December 7 - Full Grown
The holly and the ivy,
When they are full grown,
Of all the trees in the wood,
The holly bears the crown.
-The Holly and the Ivy, Gibson Bull
"Castle."
"Um."
"Castle," she snaps. She hears it. She does. She hears how it sounds coming out of her mouth, but her irritation level is pretty high right this moment.
"Yeah, yeah, yeah," he chants. "One second, Kate."
She crosses her arms over her chest. "Castle."

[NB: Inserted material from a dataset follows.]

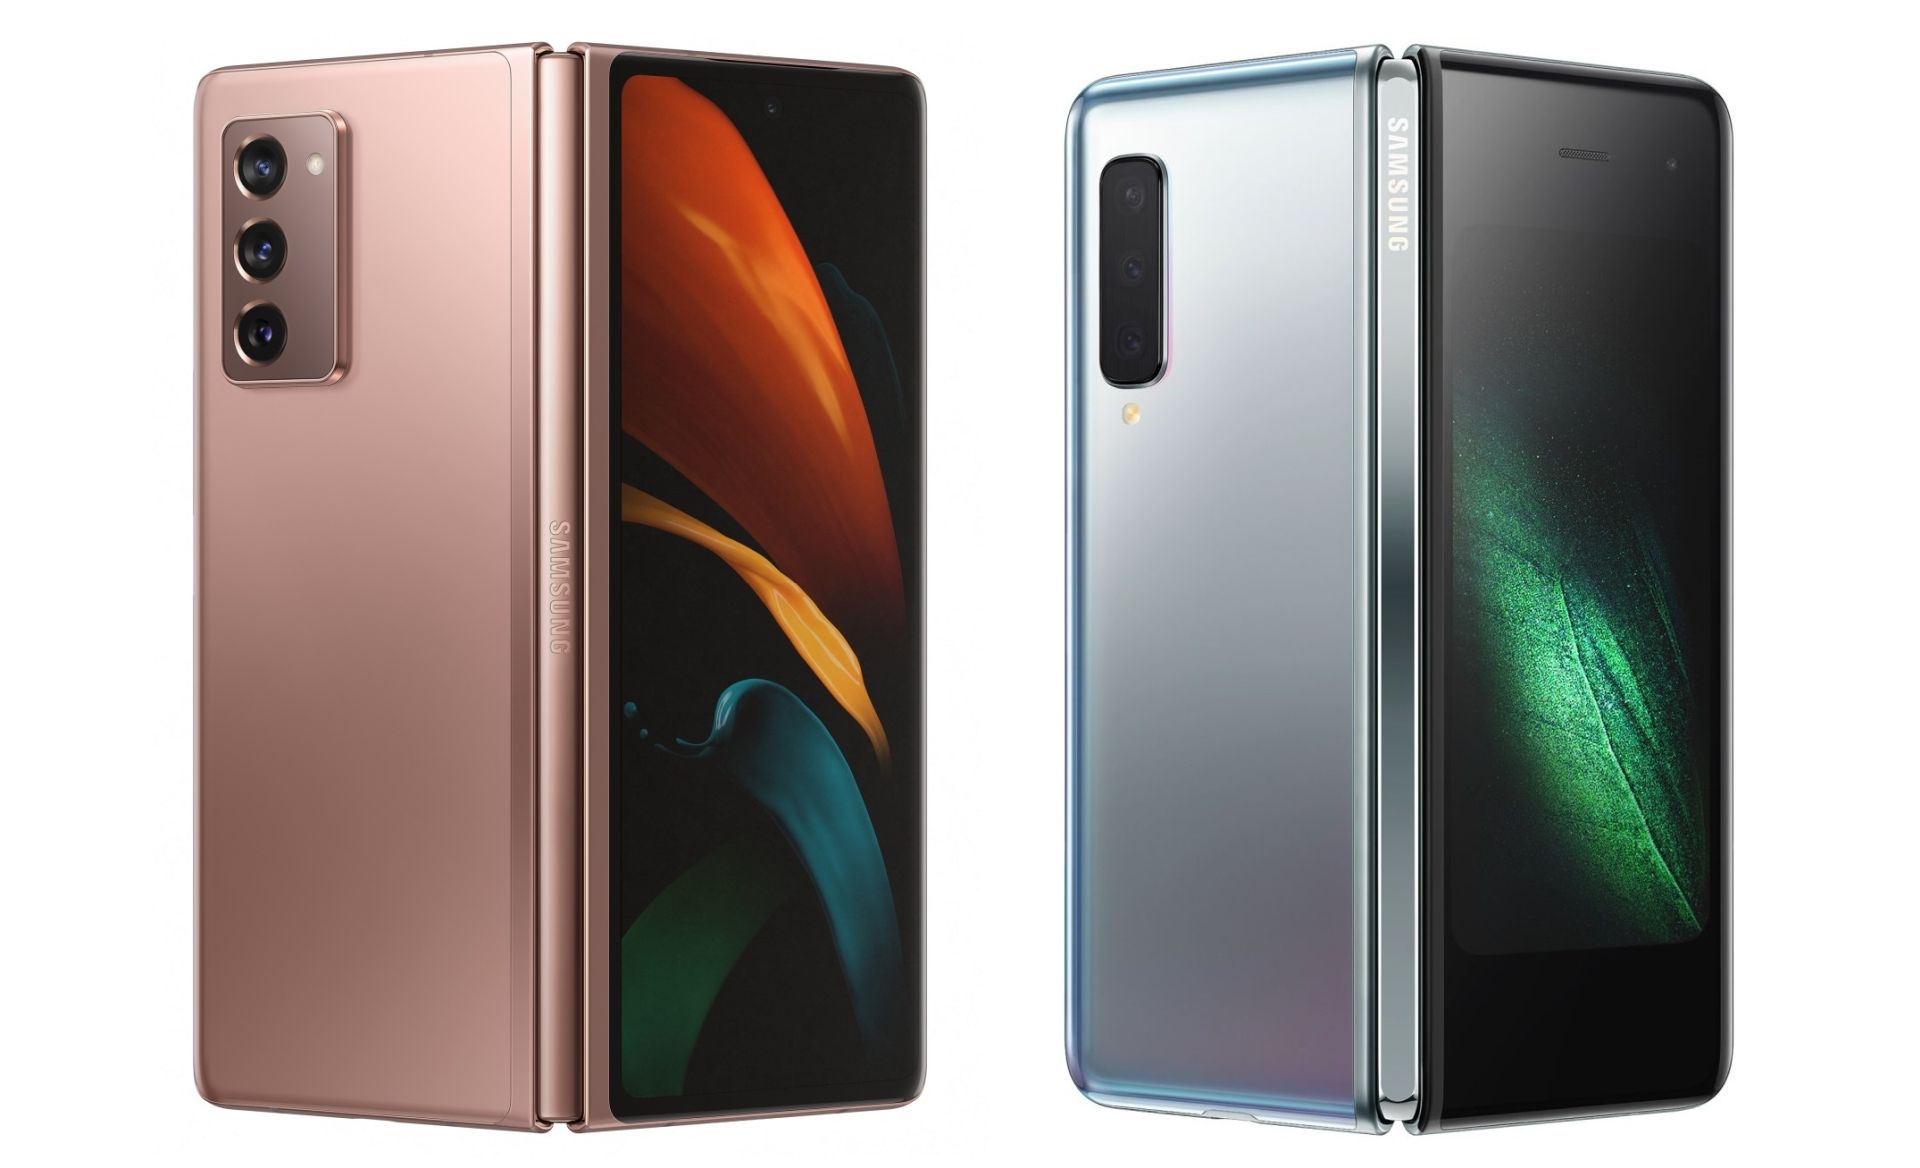 Why the Galaxy Z Fold 2 will be the ultimate smartphone for

His head finally turns, snapping, towards her, the controller in his hands, the headset over his ears. He starts fumbling, reaching forward to disconnect, shut down, press pause, whatever it is on that game, and something weird happens to her.
She's nagging.
She's - turned into this?
"No," she says suddenly. "No, I didn't mean you had to stop playing. Castle." She did mean it. But. Now she doesn't. "Play your game. Patel? Is that his name? Beat the pants off him."
"You... mean that? I mean, it's just a video game. I can be done-"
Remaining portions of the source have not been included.